Sentamos no chão da sala, ao redor da mesa de centro, e escutamos música enquanto comemos. Lucas sempre foi um bom amigo nessa história de não se importar em deixar de assistir televisão para apenas ouvir o que as músicas têm a nos dizer. E é claro que nós teorizamos sobre todas elas. É uma abocanhada na pizza coberta de queijo seguida de um comentário.

Uma música começa a tocar no meu celular e eu cantarolo.

— O que é isso? — ele pergunta. — Música nova da Taylor Swift?

— Claro que não! Não tem nada a ver.

Observo com a visão periférica que Lucas pega o meu celular.

— Bom, para mim é tudo igual. Aliás... Mila, que playlists são essas? Eu acho que preciso apresentar músicas boas para você.

— Por que as suas músicas são boas e as minhas ruins?

— Porque as suas têm Taylor Swift e Katy Perry.

Reviro os olhos e bufo em desacordo.

— Chega, me dá meu celular!

— Não!

Largo a minha fatia de pizza sobre o prato na mesa e me jogo em cima dele, que desvia escondendo o celular.

— Lucas!

Escuto sua risada e acho graça da cena também. Ele me segura em seus braços fortes e as minhas chances de alcançar o celular se reduzem a zero.
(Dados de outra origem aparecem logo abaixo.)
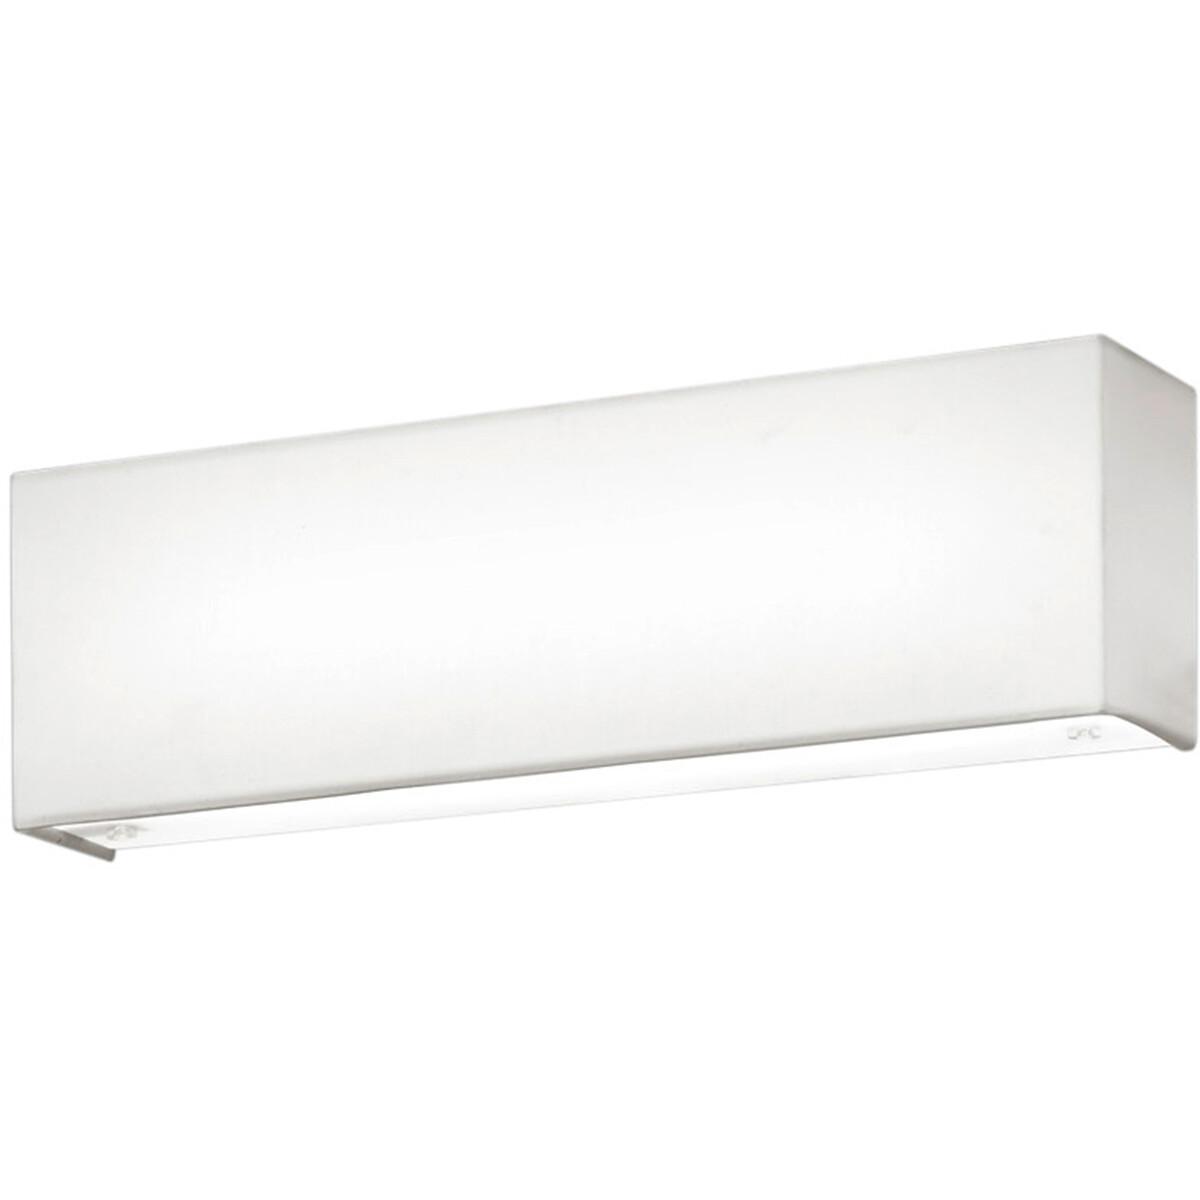 LED Wandlamp - Wandverlichting - Trion Lanago - 6W - Warm Wit 3000K - Rechthoek - Mat Wit - Aluminiu
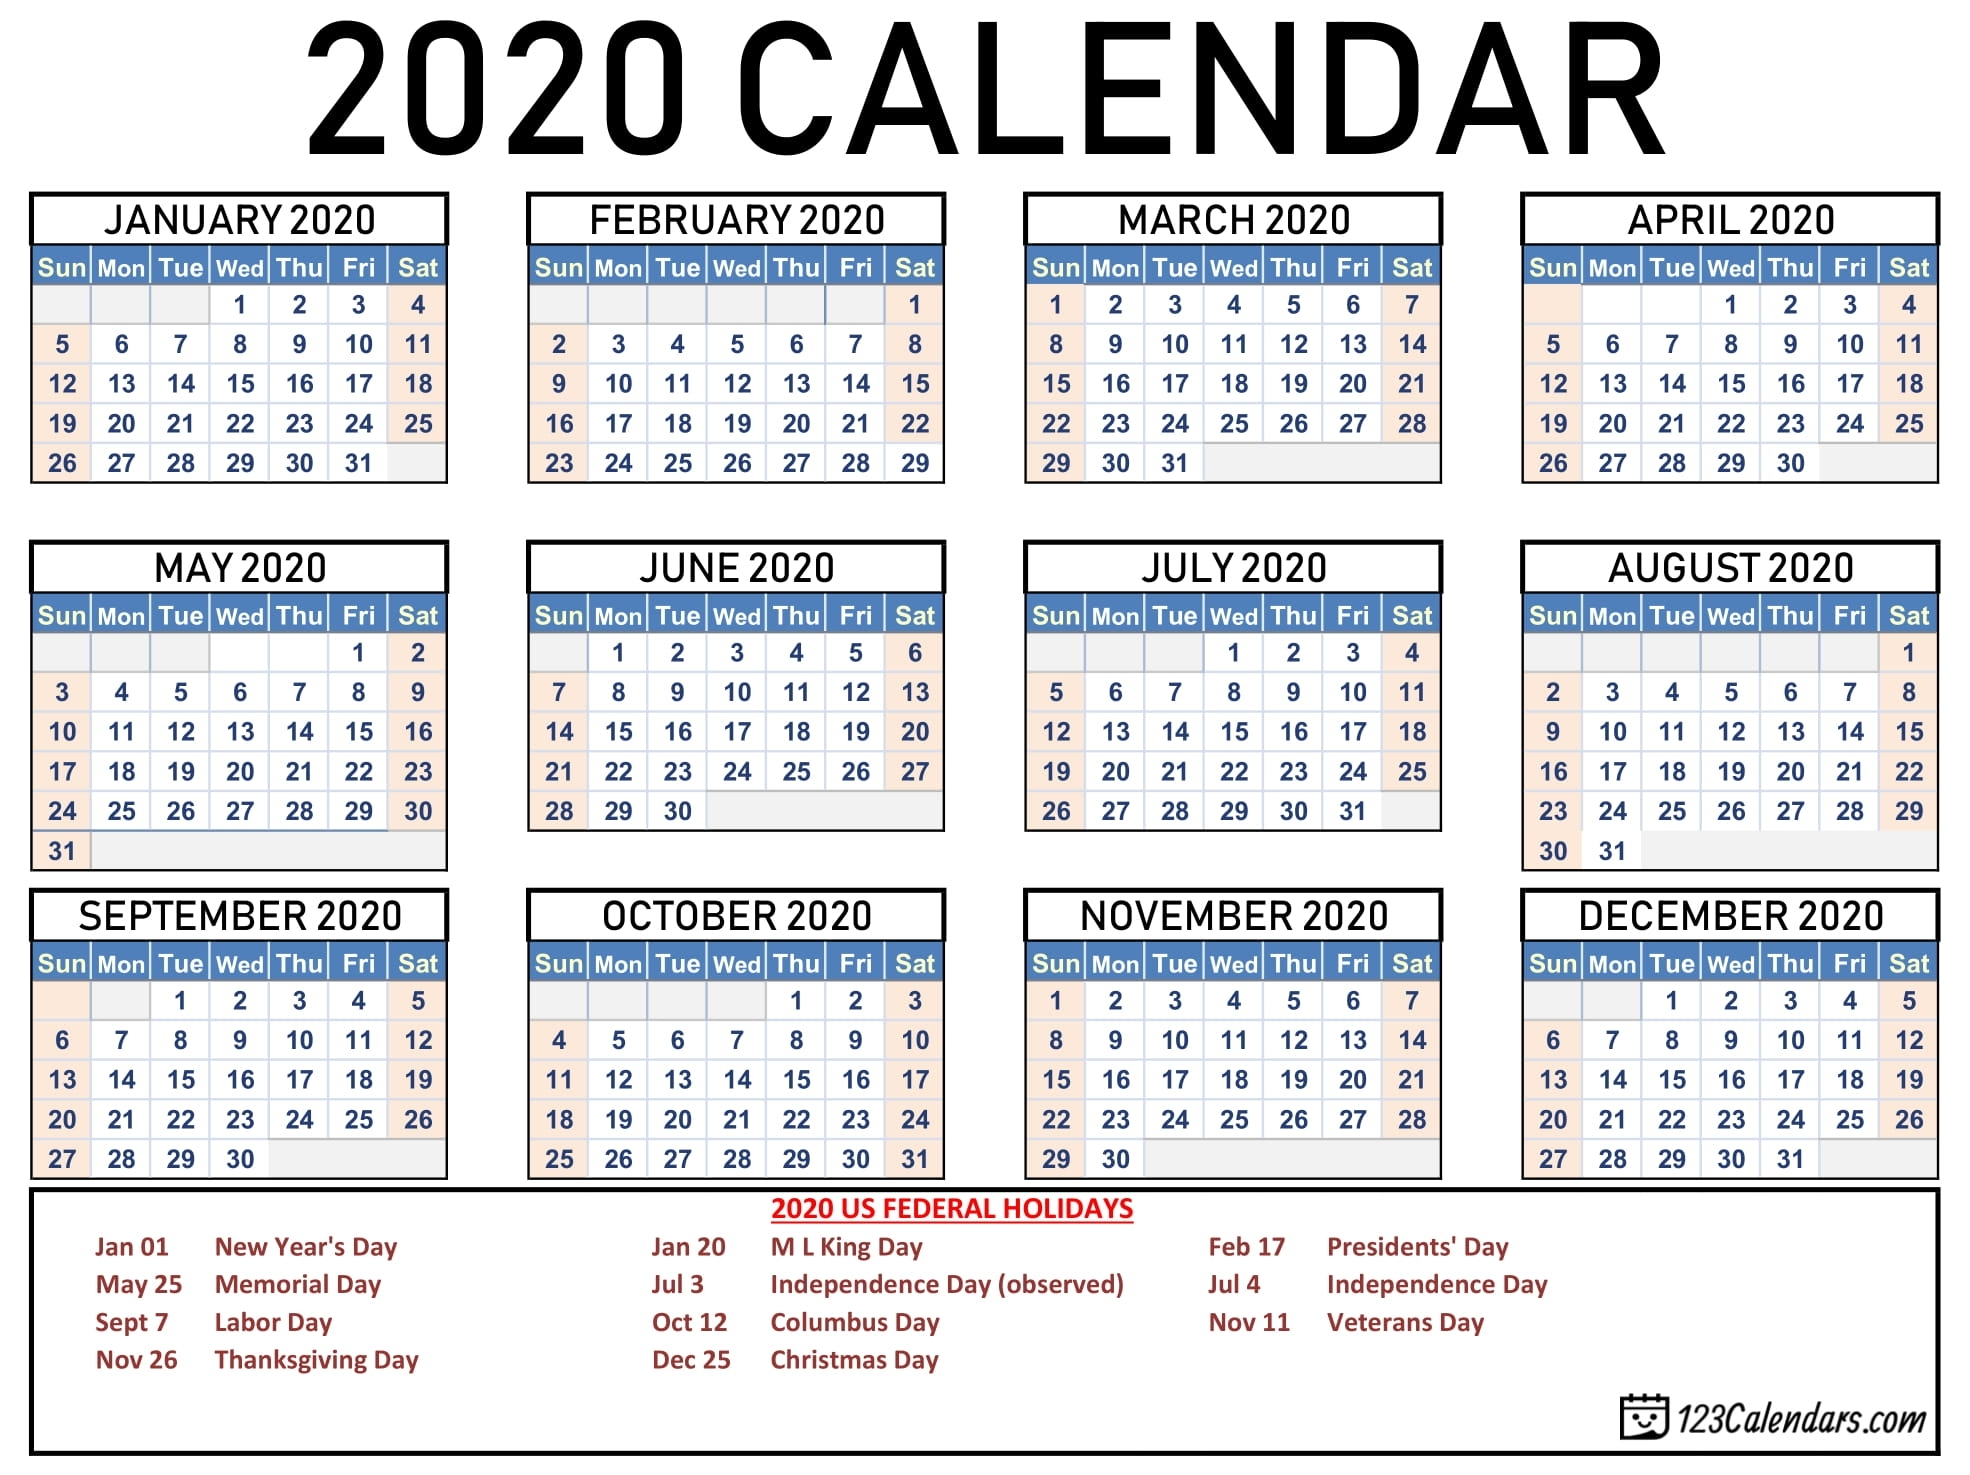 Free Printable 2020 Calendar | 123Calendars within Free Printable Pocket Calendar 2020

Quando tento um último movimento, acabo derrubando Lucas no tapete da sala, e caio logo em seguida. Em cima dele...

Posso sentir sua respiração intensa e quente encostando em meu rosto. Com minhas mãos sobre o seu peito, sinto o ar entrando e saindo de seus pulmões.

O perfume dele está de volta: amadeirado, forte. Tão perto, posso vê-lo com mais detalhes. Lucas tem a pele clara como a minha e o rosto liso. Seus lábios são finos e eu jamais saberia dizer qual a cor dos seus olhos. Por último, observo o cabelo escuro e muito bem penteado.

— Aqui está o seu celular...

Lucas encosta o aparelho nas minhas mãos na mesma hora em que, rapidamente, tento me levantar. Invento qualquer coisa:

— Vou ao banheiro...

Anos de amizade são o suficiente para que Lucas saiba que estou apenas dando uma desculpa idiota.

— E eu vou embora, já está ficando tarde. Precisa de alguma coisa?

Nego com a cabeça, ainda envergonhada. Antes que eu perceba, Lucas se aproxima rapidamente e beija a minha bochecha.

— Vejo você amanhã...

O único som é o de seus passos, cada vez mais distante.

— Ei, Mila! — ele grita perto da porta.

Caminho até o corredor para que ele possa me ver.

— Não precisa ficar envergonhada. Só imagina: se a Taylor Swift estivesse aqui, nós teríamos acabado de dar matéria-prima para ela escrever uma música nova. A gente seria um sucesso.

Começo a rir, enquanto Lucas vai embora.